Last Updated March 4, 2021 4:52 PM
Andrew Quentson
Last Updated March 4, 2021 4:52 PM

Gavin Wood, founder of Ethcore, recently renamed to Parity Technologies Ltd, has published a paper presenting Polkadot , a new network that aims to provide interoperability between private and public blockchains.

The concept is somewhat similar to sidechains, but sidechains “are pretty much limited to token transfers for now,” says Peter Czaban from Ethcore. On the other hand, “Polkadot handles canonicaliztion of the parachains and enables rich communication” – he added. Moreover, according to the paper, each sidechain requires its own security while Polkadot aims to provide “pooled security across chains,” according to a public statement by Gavin Wood.
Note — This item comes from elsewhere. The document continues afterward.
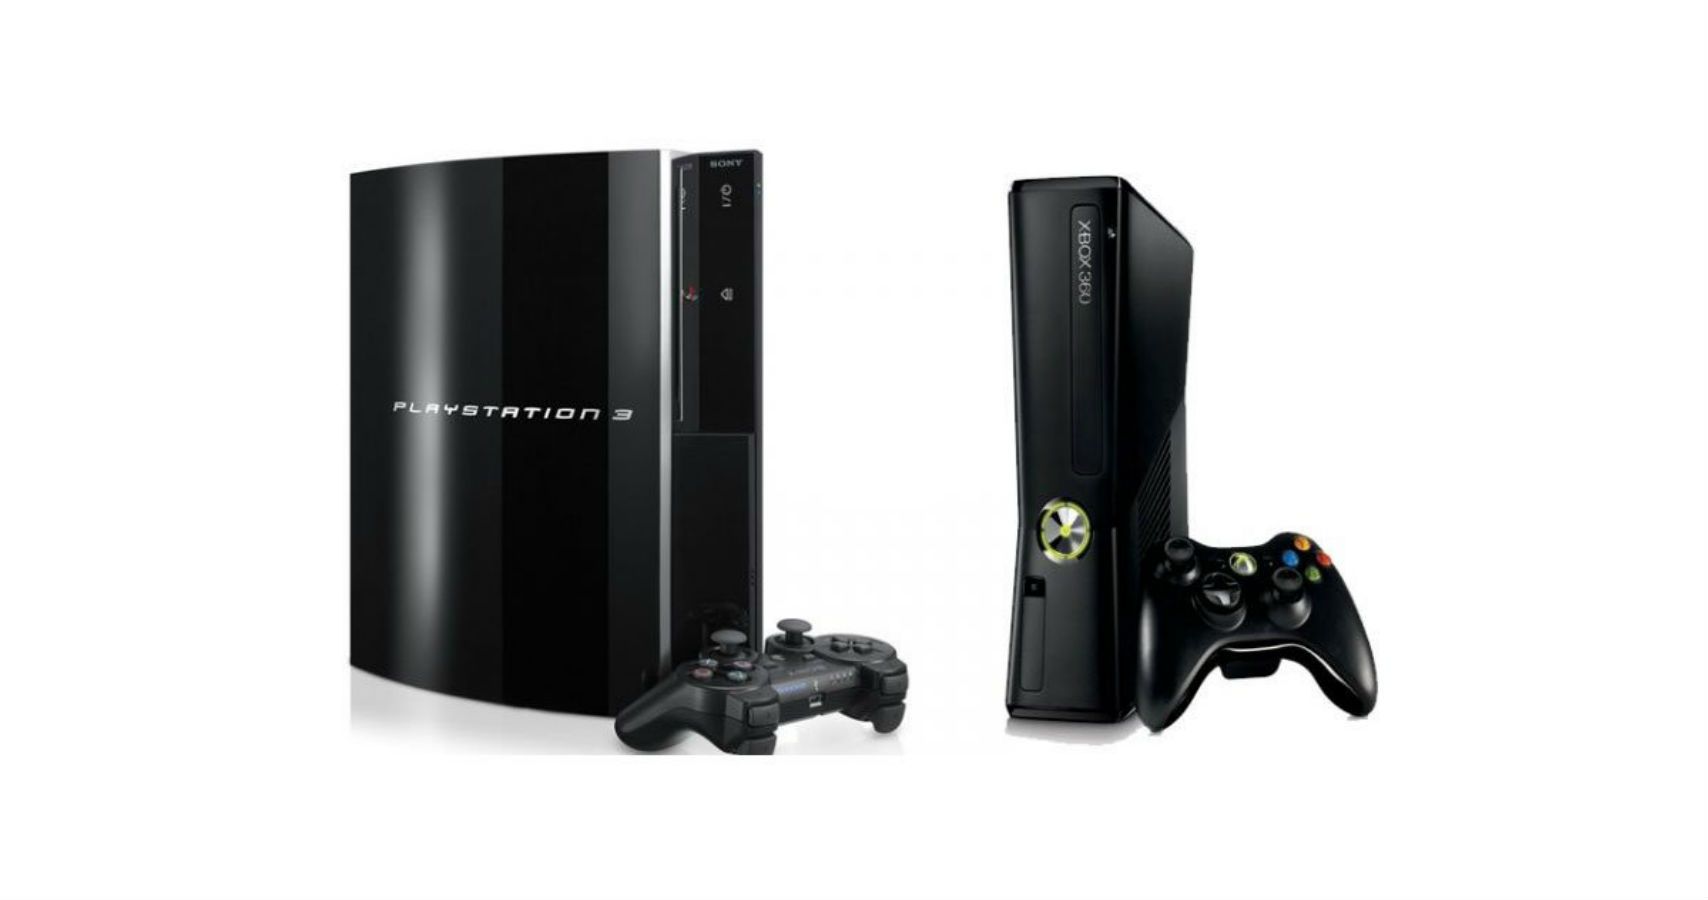 7th generation consoles

Wood told CCN.com that Polkadot transcends currency:

“[I]t’s actually about allowing contracts to more generally pass messages (or transactions) between each other, even if they’re on different chains. Those messages might be: effect the transfer of tokens/assets, but they might do all the other stuff that’s possible with smart contracts, e.g. represent an application for, or confirmation of, a loan agreement, represent the certification of a party, represent the engagement of a particular insurance instrument.

“[S]o this means that you can have wildly different chains (some might be open and public chains like ethereum and bitcoin, others might be fully encrypted internal enterprise chains, others may be partially hidden industry consortium chains) and they can all autonomously be transacting with each other.”

Polkadot is a multi-chain protocol.

The general idea is to decouple the means by which parties collate and execute transactions (state transition) from the means by which parties agree upon one of a number of possible, valid, histories (the consensus mechanism, such as proof of work or proof of stake). According to the paper  [PDF]:

“Polkadot provides the bedrock “relay-chain” upon which a large number of validatable, globally-coherent dynamic data-structures may be hosted. We call these data-structures “parallelised” chains or parachains.”

A consortium or a bank could, therefore, fork ethereum, customize it for its own needs, and through Polkadot interconnect it with Ethereum’s public blockchain or it could have one chain for certain functions and another for different aspects, allowing for greater scalability and perhaps efficiency. In further explaining this vision the paper states:

“We see conservative, high-value chains similar to Bitcoin or Z-cash co-existing alongside lower-value “theme-chains…” and test-nets with zero or near-zero fees. We see fully-encrypted, “dark”, consortium chains operating alongside, and even providing services to, highly functional and open chains such as those like Ethereum. We see experimental new VM-based chains such as a subjective time-charged Wasm chain being used as a means of outsourcing difficult compute problems from a more mature Ethereum-like chain or a more restricted Bitcoin-like chain.”

The project is very much at an inception stage, but Wood publicly stated that Parity Technologies has “already been prototyping the underlying consensus algorithm and laying some of the groundwork for the proof-of-validity stuff.” The initial research was funded by the British Government under the Innovate UK programme with further development to be funded by Melonport AG, a new start-up co-founded by Mona El Isa, former Goldman Sachs trader and hedge fund manager.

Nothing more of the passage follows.